1回に長時間のロープレ研修を行うよりも、短いロープレを複数回繰り返すほうが効果的です。短いサイクルを回すことで、評価→改善→実践の流れが自然と身につきます。時間的な負担を抑えられるため、日々の業務に取り入れやすい点もメリットと言えるでしょう。
動画で自分の対応を振り返ると、話し方の癖や姿勢などを客観的な視点で確認することが可能です。近年では、AIを活用した会話シミュレーションツールも増えており、24時間いつでも練習できる環境が整いつつあります。AIはリアルな顧客役を再現したり、対応の良否を定量化したりできるため、ロープレの質を高める手段として注目されています。

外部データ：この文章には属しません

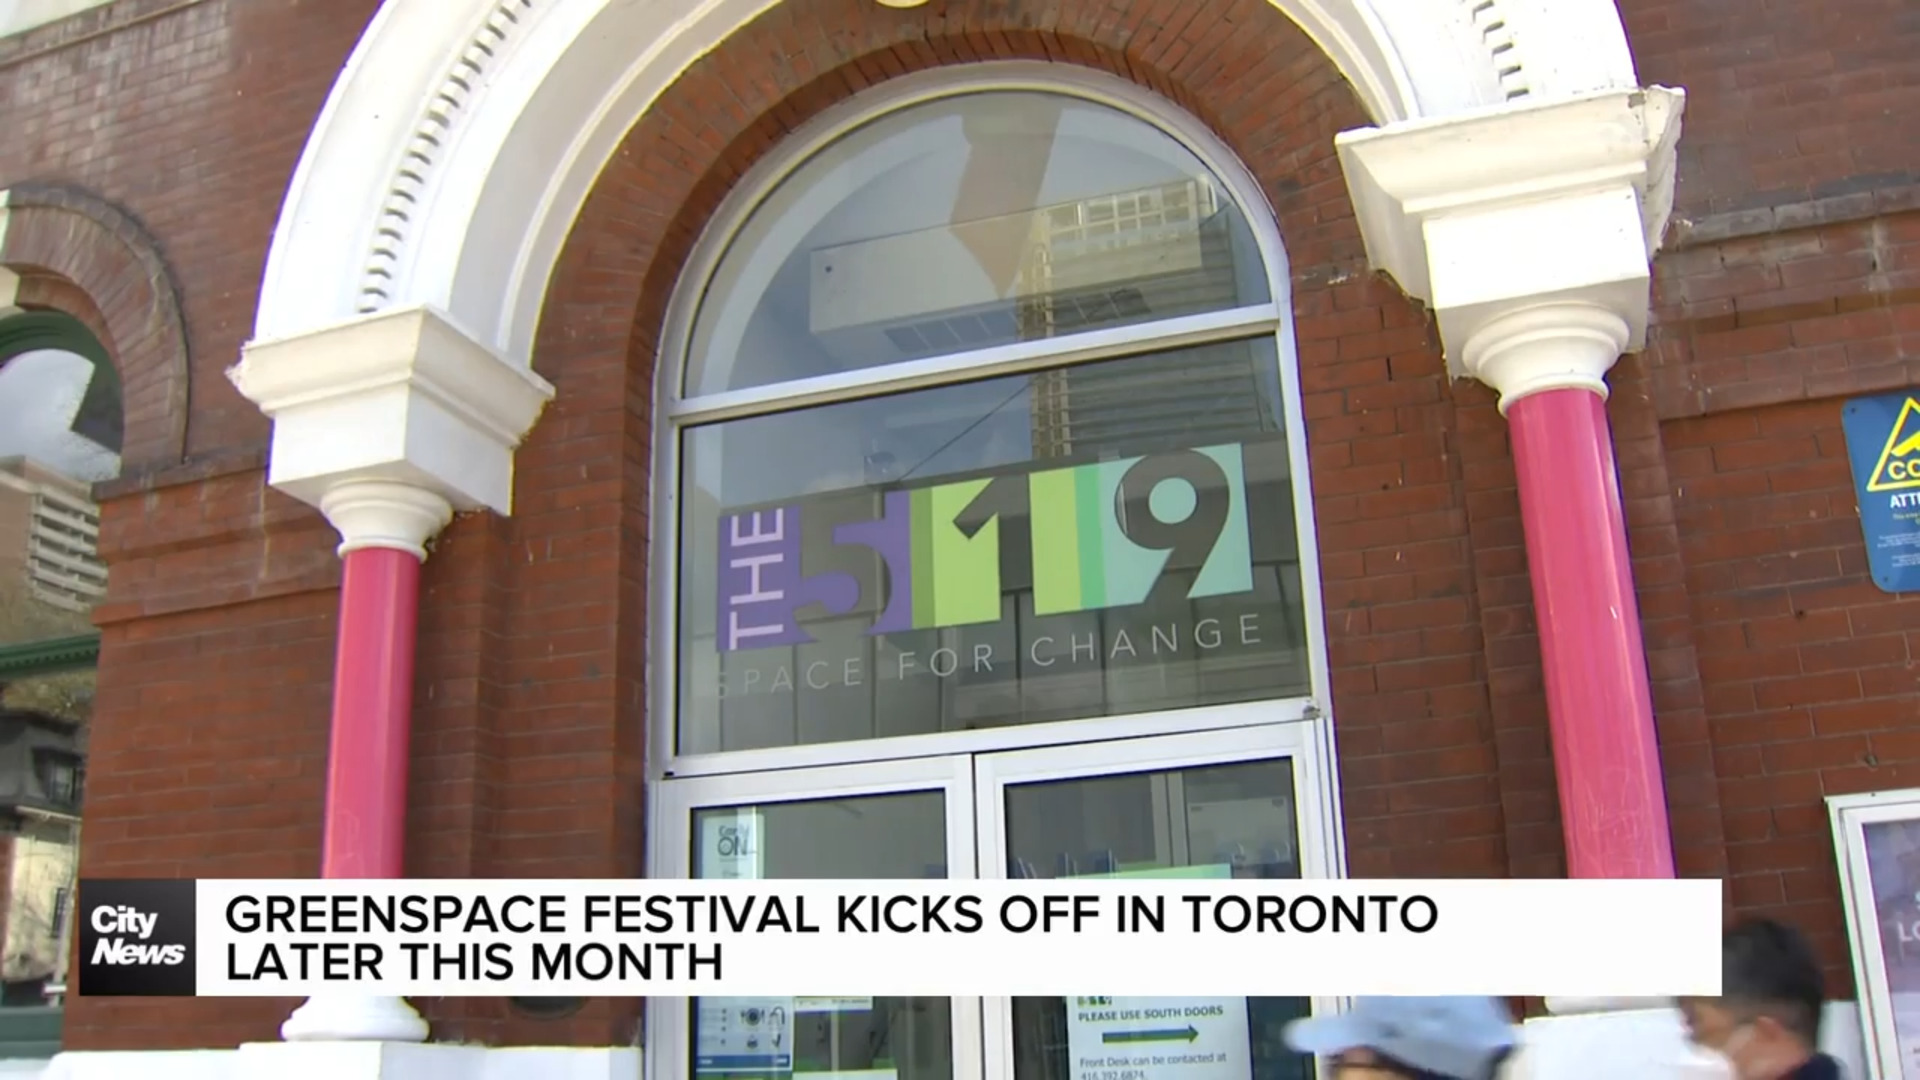 Greenspace festival kicks off in Toronto later this month

ロープレは失敗から学ぶ場であるため、安心して挑戦できる環境づくりが重要です。「失敗しても責められない」という空気があれば、参加者は積極的に取り組みやすくなります。心理的安全性が高まると、チーム内のコミュニケーションも円滑になり、ロープレの効果が更に向上します。
ロープレの効果を最大化するためには、営業役と顧客役を固定せず、定期的に交代することが重要です。一方の役割だけを続けていると、視点が偏り、学びの幅が狭くなってしまいます。

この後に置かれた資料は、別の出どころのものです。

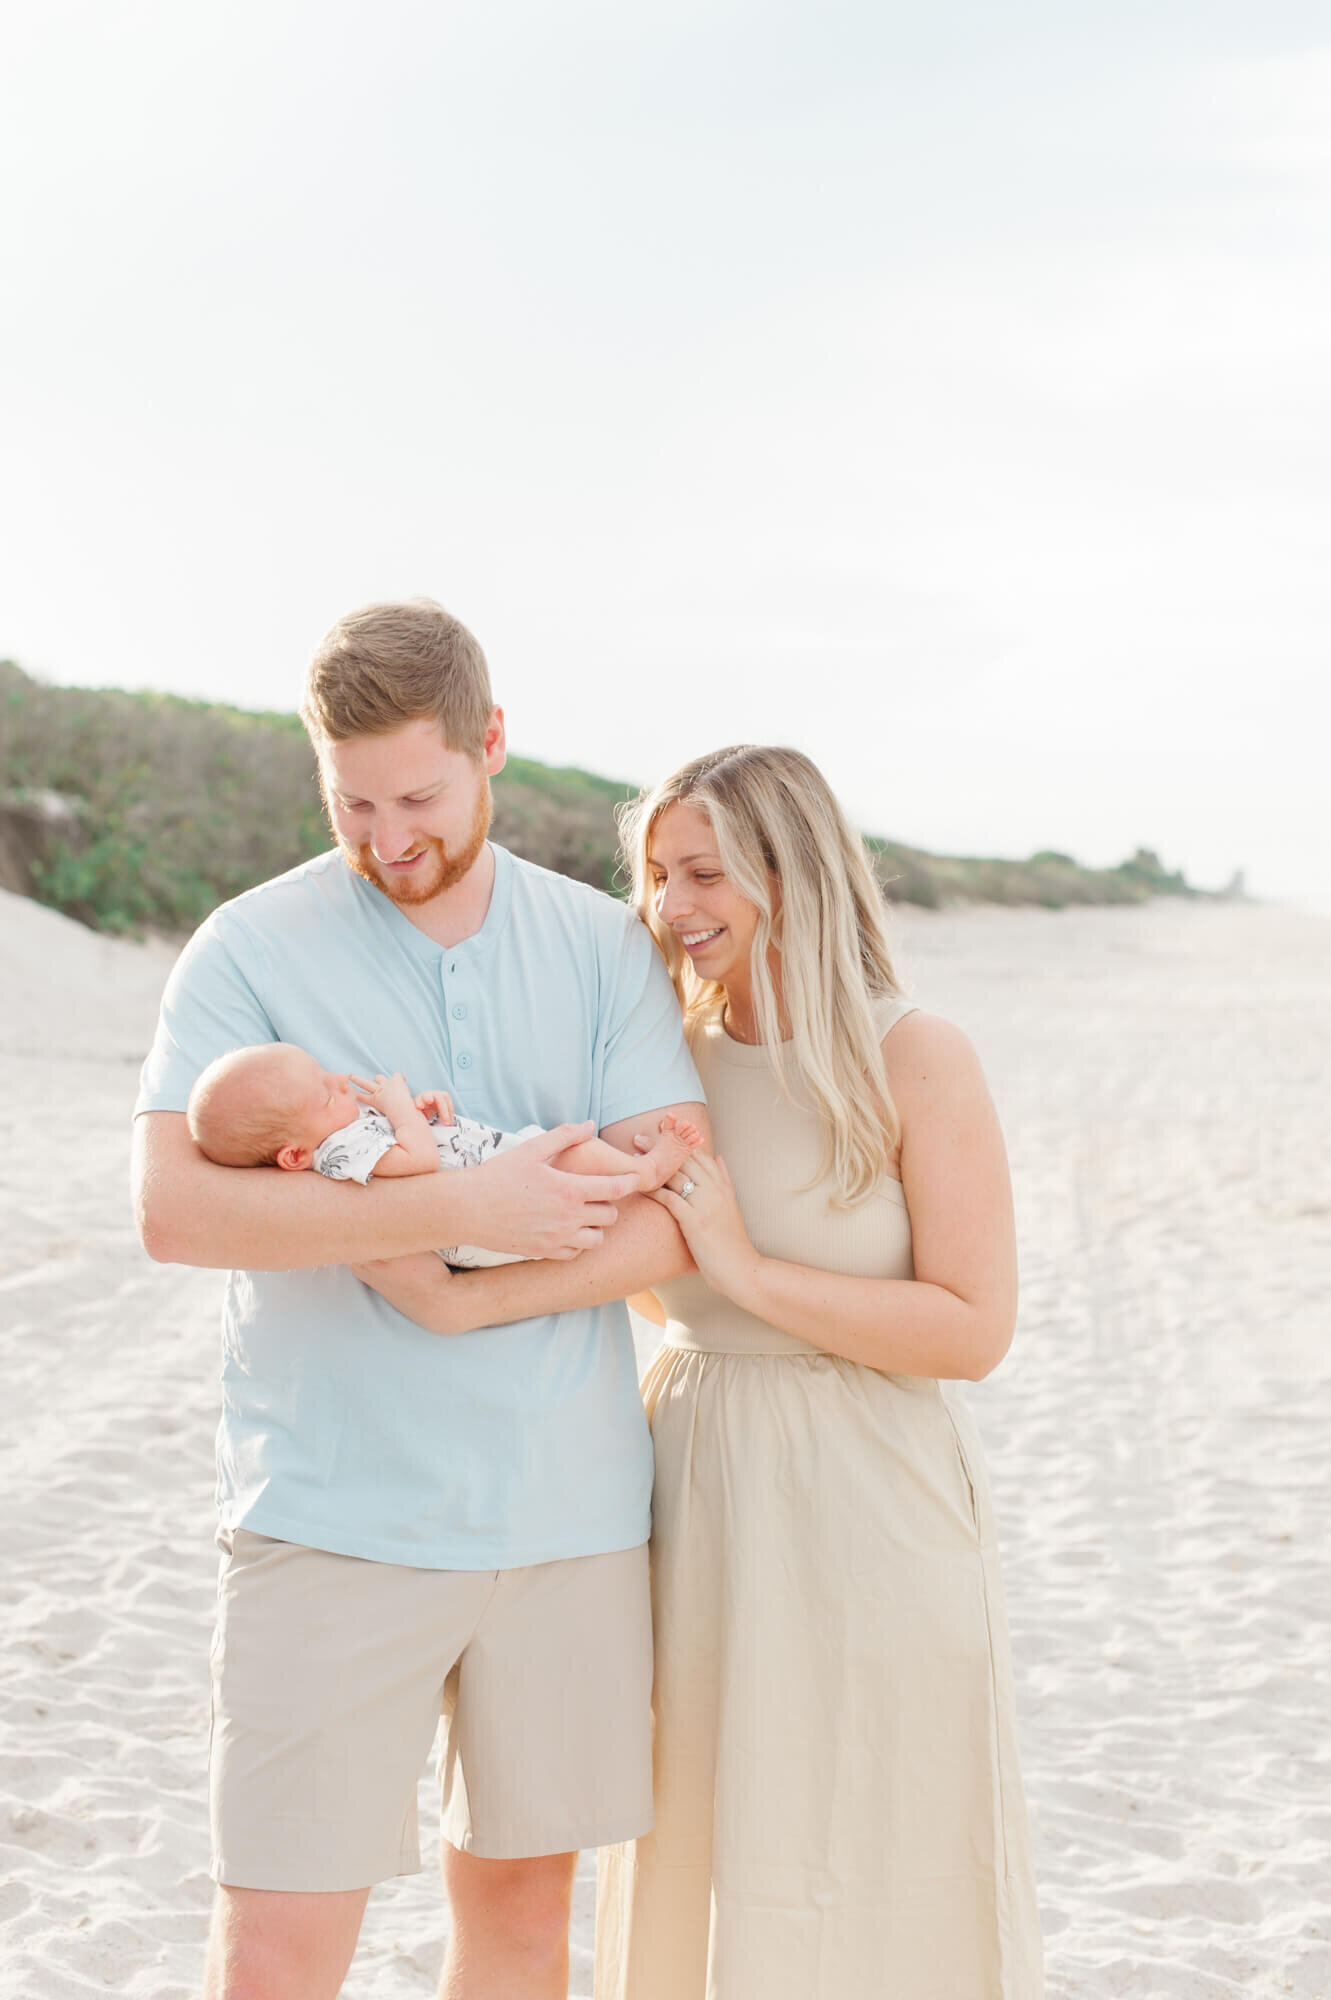 Couple holds their newborn baby boy on the beach and stares down at him

例えば、営業役を経験した後に顧客役を担当すると「どのような説明が分かりにくかったか」「どんな質問に答えてもらえると安心するか」といった顧客視点での気づきが得られます。逆に、顧客役から営業役に切り替えることで、「相手の反応を見ながら話すことの難しさ」や「質問に対する即座の対応力の重要性」を体感することが可能です。役割を交代することで、多角的な視点が養われ、相手の立場を理解した柔軟な対応力が身につきます。また、参加者全員が両方の役割を経験することで、チーム内での学びの共有も促進され、組織全体のスキル向上に繋がります。
ロープレは実務を疑似体験しながらスキルを磨ける有効な研修手法です。一部で「意味がない」と言われる背景には、目的の不明確さやシナリオの不適切さなど、運用上の課題が多く存在します。しかし、評価軸の明確化や適切なフィードバック、継続的な改善サイクルが整っていれば、ロープレの効果は大きく高まります。

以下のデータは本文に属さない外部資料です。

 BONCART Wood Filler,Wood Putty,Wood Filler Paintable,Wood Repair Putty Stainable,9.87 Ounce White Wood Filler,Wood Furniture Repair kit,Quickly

企業研修として導入する際は、目的と評価項目の設定、短時間の反復練習、動画やAIツールの活用など、実務に合った工夫を取り入れることが重要です。明日から始められる取り組みとして、まずは自社に合ったロープレの検討や、フィードバックを確実に残す仕組みづくりから始めてみてください。この記事が効果的で意味あるロープレ実施のきっかけとなれば幸いです。